> [Description of the task] The answer must restate every entry below word for word.

> [Task data]
[Start of section]

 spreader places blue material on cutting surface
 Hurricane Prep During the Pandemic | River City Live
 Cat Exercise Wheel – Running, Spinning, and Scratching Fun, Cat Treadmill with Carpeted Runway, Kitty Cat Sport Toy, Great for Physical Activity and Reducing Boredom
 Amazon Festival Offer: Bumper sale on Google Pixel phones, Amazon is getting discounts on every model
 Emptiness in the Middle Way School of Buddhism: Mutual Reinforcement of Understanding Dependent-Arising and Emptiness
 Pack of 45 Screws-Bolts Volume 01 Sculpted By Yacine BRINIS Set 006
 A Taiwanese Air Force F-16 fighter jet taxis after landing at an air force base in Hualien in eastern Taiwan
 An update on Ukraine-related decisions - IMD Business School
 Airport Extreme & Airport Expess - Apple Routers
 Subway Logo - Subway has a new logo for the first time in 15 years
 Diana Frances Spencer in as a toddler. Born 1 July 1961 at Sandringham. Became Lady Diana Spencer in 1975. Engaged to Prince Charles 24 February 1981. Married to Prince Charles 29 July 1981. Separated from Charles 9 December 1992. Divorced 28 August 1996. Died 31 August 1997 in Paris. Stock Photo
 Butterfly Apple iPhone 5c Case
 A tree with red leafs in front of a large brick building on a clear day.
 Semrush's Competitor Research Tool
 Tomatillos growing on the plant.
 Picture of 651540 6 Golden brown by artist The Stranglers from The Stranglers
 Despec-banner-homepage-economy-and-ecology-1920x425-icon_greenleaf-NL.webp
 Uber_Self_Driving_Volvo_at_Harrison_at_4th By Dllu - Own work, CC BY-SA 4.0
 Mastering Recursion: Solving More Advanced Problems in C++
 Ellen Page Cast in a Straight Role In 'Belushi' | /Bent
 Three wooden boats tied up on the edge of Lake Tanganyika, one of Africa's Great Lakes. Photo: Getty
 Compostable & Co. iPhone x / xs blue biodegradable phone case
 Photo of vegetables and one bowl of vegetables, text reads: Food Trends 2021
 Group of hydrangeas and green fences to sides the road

[End of section]

> [Completed exercise]
 spreader places blue material on cutting surface
 Hurricane Prep During the Pandemic | River City Live
 Cat Exercise Wheel – Running, Spinning, and Scratching Fun, Cat Treadmill with Carpeted Runway, Kitty Cat Sport Toy, Great for Physical Activity and Reducing Boredom
 Amazon Festival Offer: Bumper sale on Google Pixel phones, Amazon is getting discounts on every model
 Emptiness in the Middle Way School of Buddhism: Mutual Reinforcement of Understanding Dependent-Arising and Emptiness
 Pack of 45 Screws-Bolts Volume 01 Sculpted By Yacine BRINIS Set 006
 A Taiwanese Air Force F-16 fighter jet taxis after landing at an air force base in Hualien in eastern Taiwan
 An update on Ukraine-related decisions - IMD Business School
 Airport Extreme & Airport Expess - Apple Routers
 Subway Logo - Subway has a new logo for the first time in 15 years
 Diana Frances Spencer in as a toddler. Born 1 July 1961 at Sandringham. Became Lady Diana Spencer in 1975. Engaged to Prince Charles 24 February 1981. Married to Prince Charles 29 July 1981. Separated from Charles 9 December 1992. Divorced 28 August 1996. Died 31 August 1997 in Paris. Stock Photo
 Butterfly Apple iPhone 5c Case
 A tree with red leafs in front of a large brick building on a clear day.
 Semrush's Competitor Research Tool
 Tomatillos growing on the plant.
 Picture of 651540 6 Golden brown by artist The Stranglers from The Stranglers
 Despec-banner-homepage-economy-and-ecology-1920x425-icon_greenleaf-NL.webp
 Uber_Self_Driving_Volvo_at_Harrison_at_4th By Dllu - Own work, CC BY-SA 4.0
 Mastering Recursion: Solving More Advanced Problems in C++
 Ellen Page Cast in a Straight Role In 'Belushi' | /Bent
 Three wooden boats tied up on the edge of Lake Tanganyika, one of Africa's Great Lakes. Photo: Getty
 Compostable & Co. iPhone x / xs blue biodegradable phone case
 Photo of vegetables and one bowl of vegetables, text reads: Food Trends 2021
 Group of hydrangeas and green fences to sides the road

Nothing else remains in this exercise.